- [EXERCISE DETAILS]:
Go through the data below and copy it exactly, skipping every picture.

- [SUPPLIED INFORMATION]:
■ ■ ■ ■ ■ ■ ■

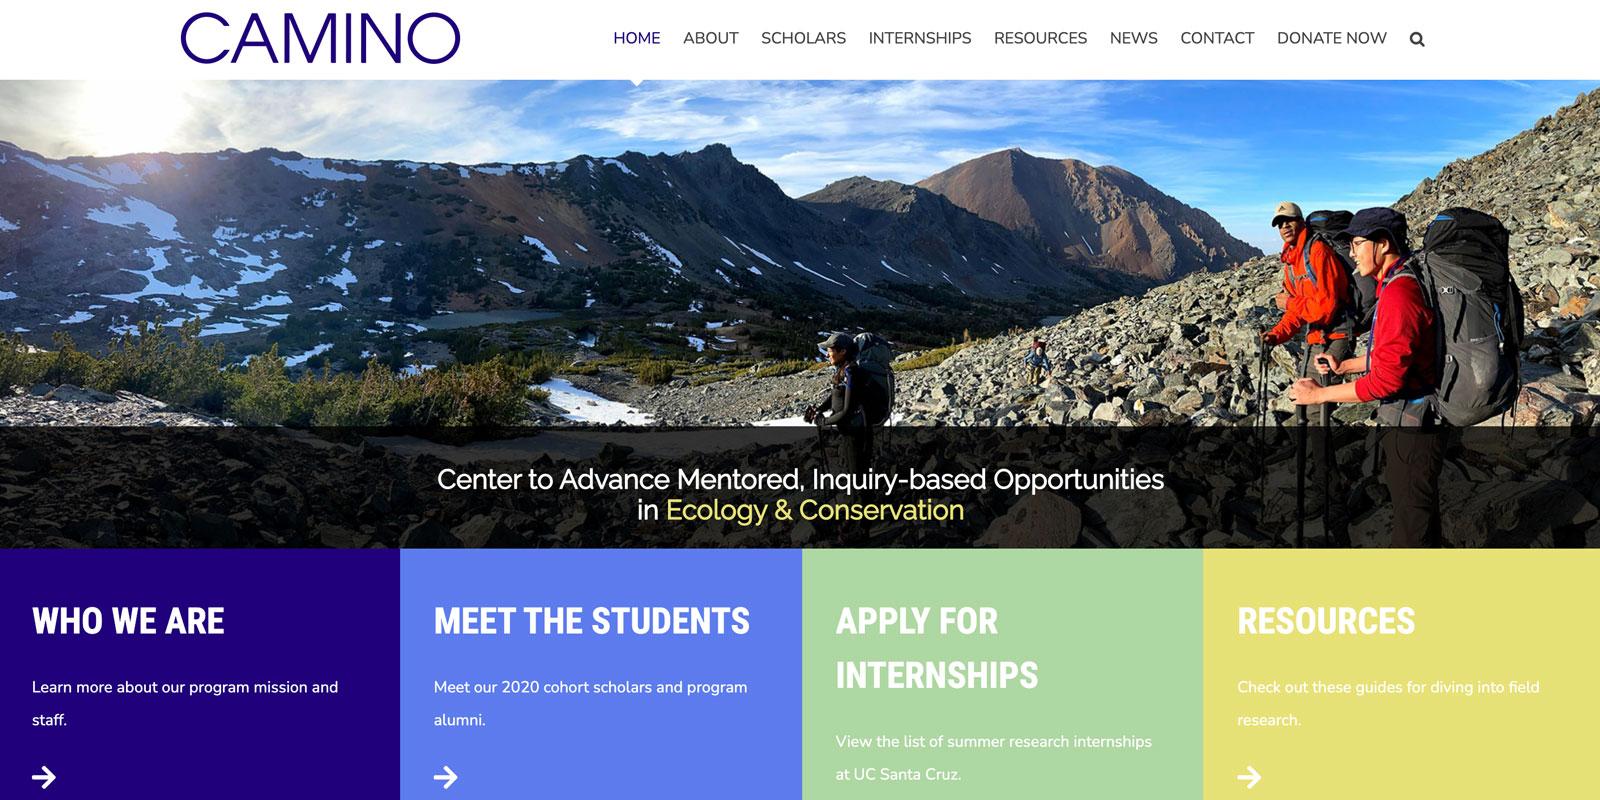 CAMINO website for UCSC
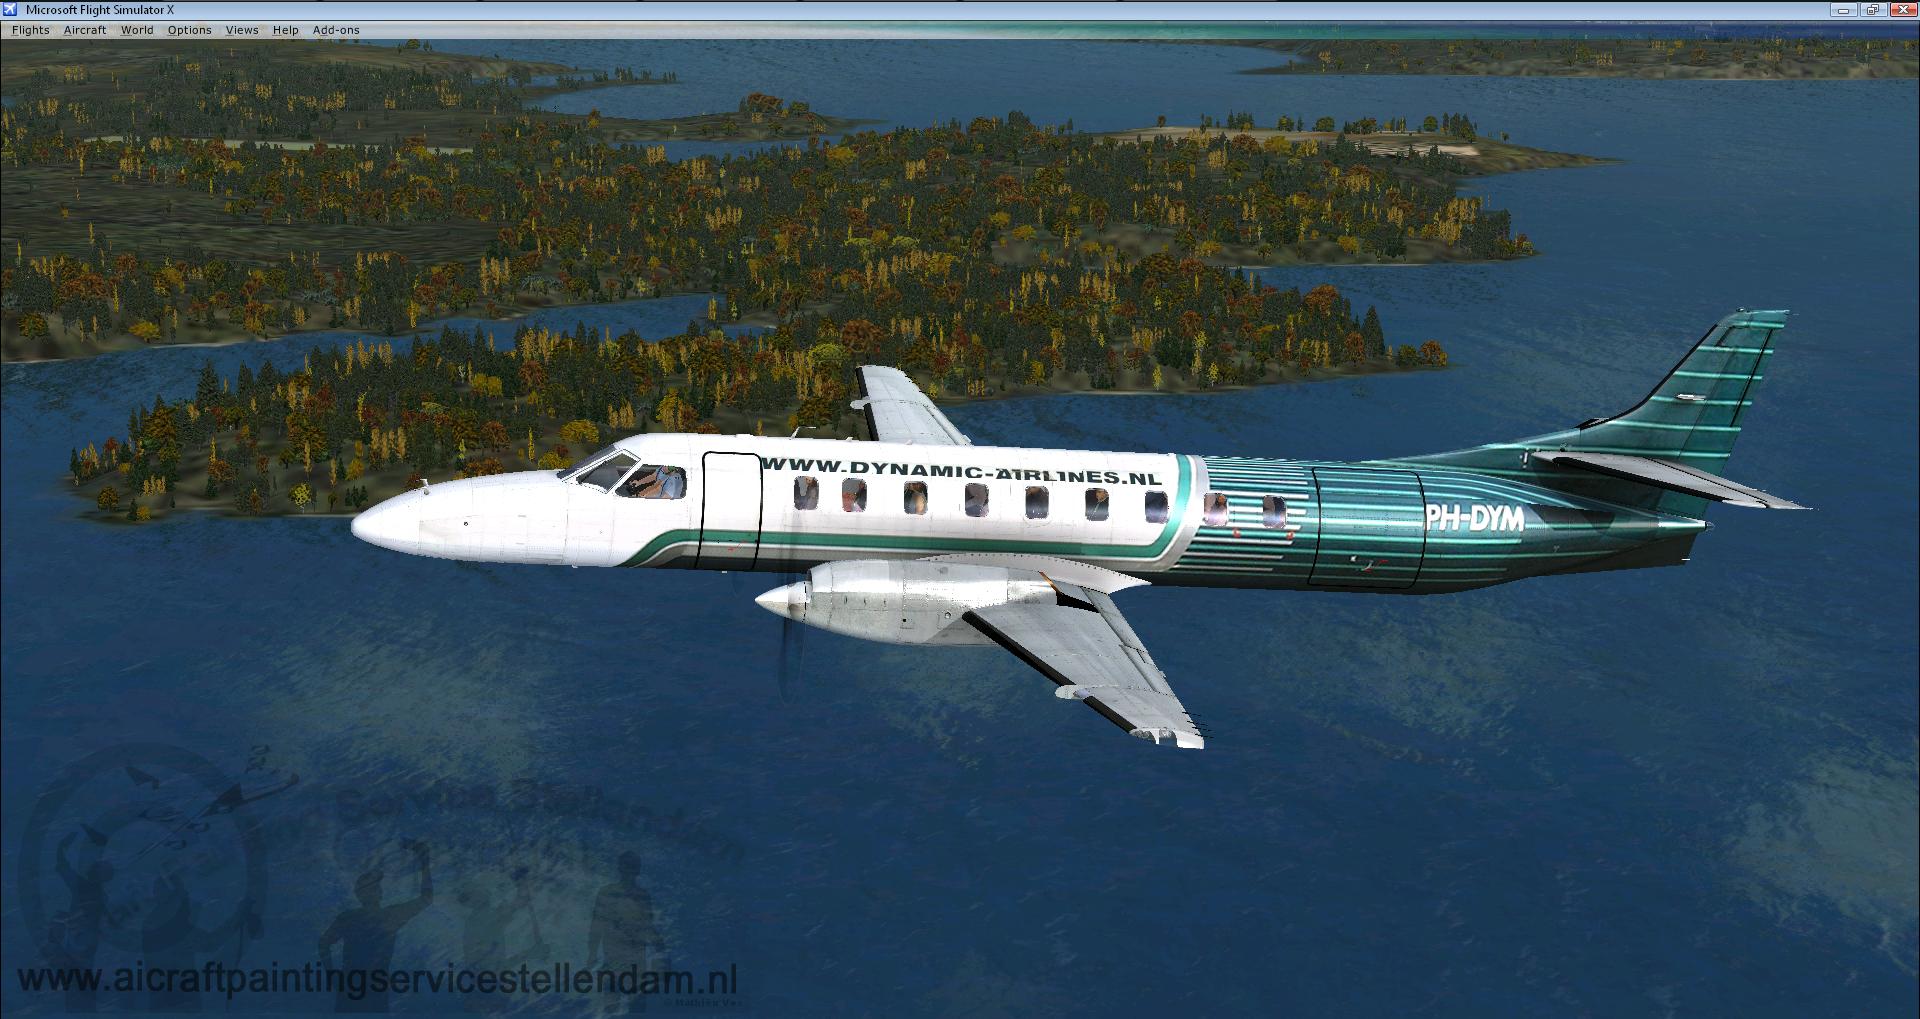 RAMBAZ_MetroIII_DynamicAirlines_PH-DYM
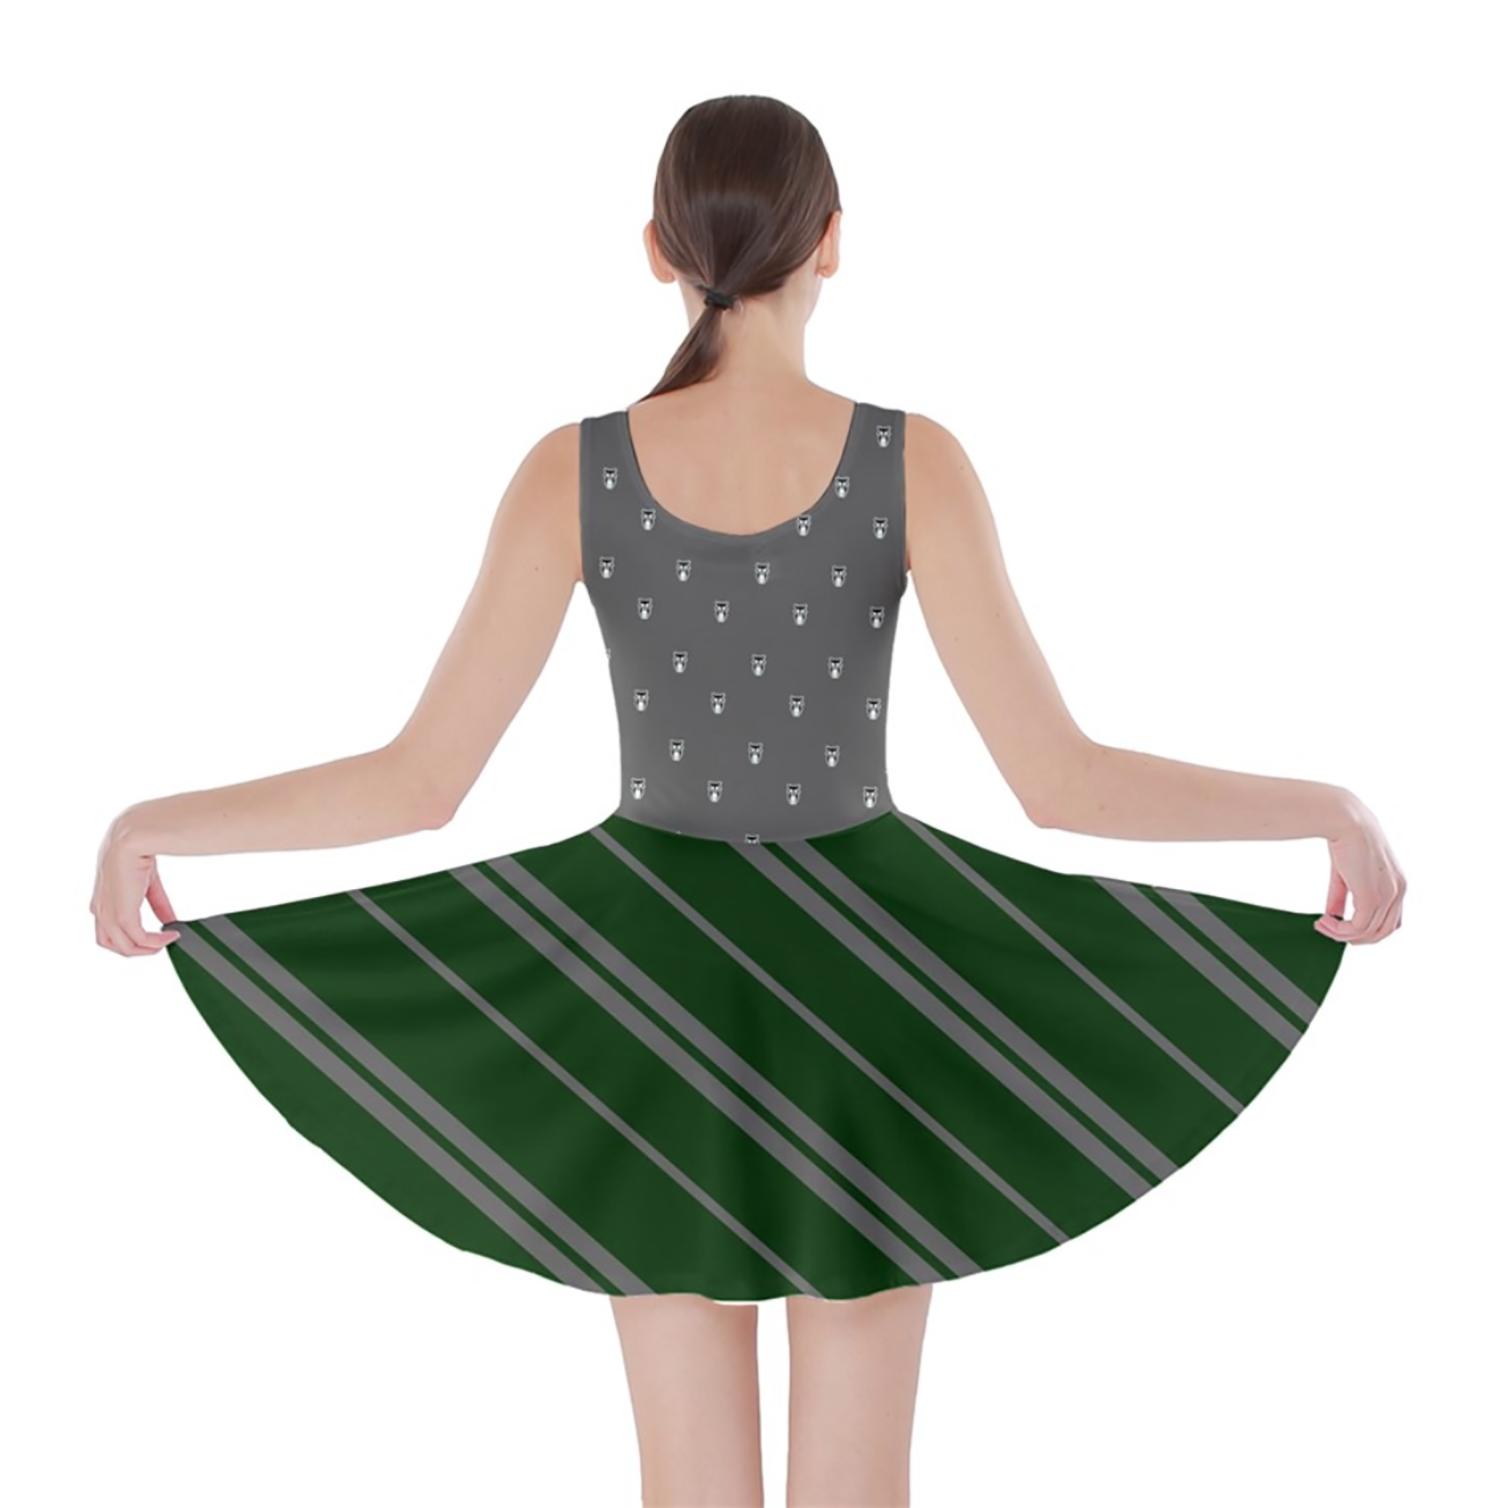 Owl (Green) Striped Skater Dress - Inspired by Slytherin
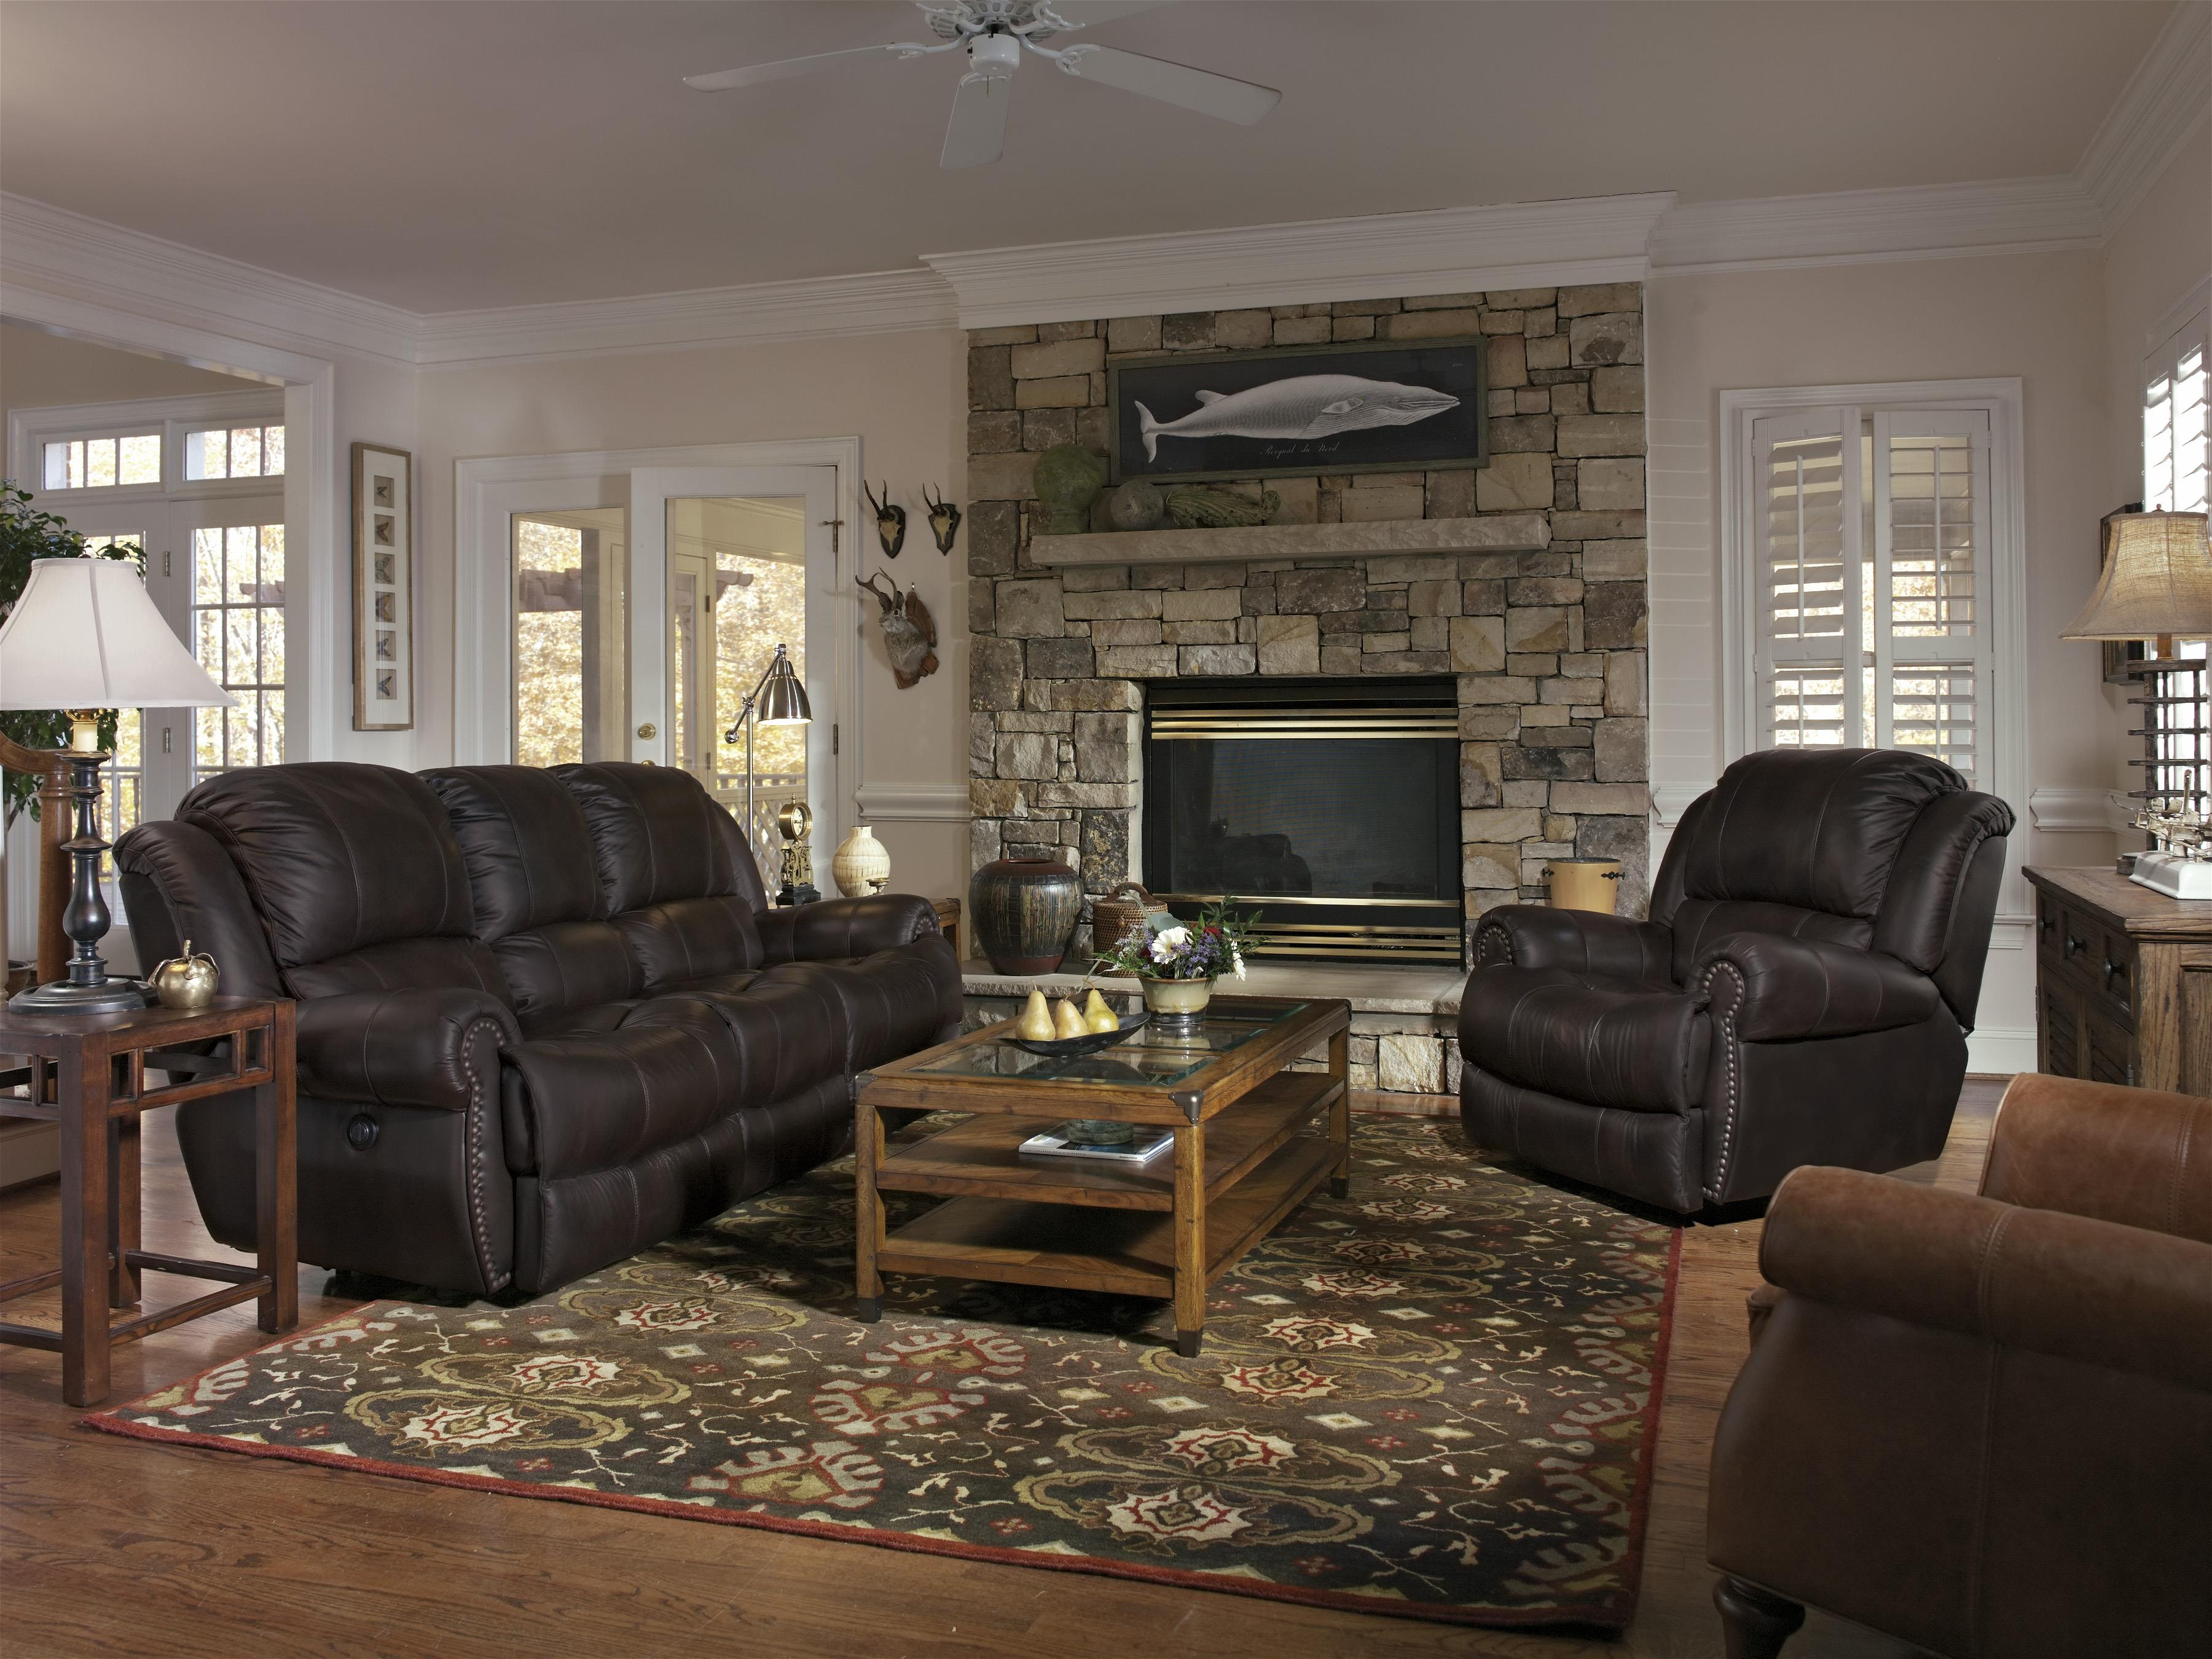 flexsteel capitol double reclining sofa set designs photo gallery  roselawnlutheran

■ ■ ■ ■ ■ ■ ■

- [THE COMPLETED TASK]:
 CAMINO website for UCSC
 RAMBAZ_MetroIII_DynamicAirlines_PH-DYM
 Owl (Green) Striped Skater Dress - Inspired by Slytherin
 flexsteel capitol double reclining sofa set designs photo gallery  roselawnlutheran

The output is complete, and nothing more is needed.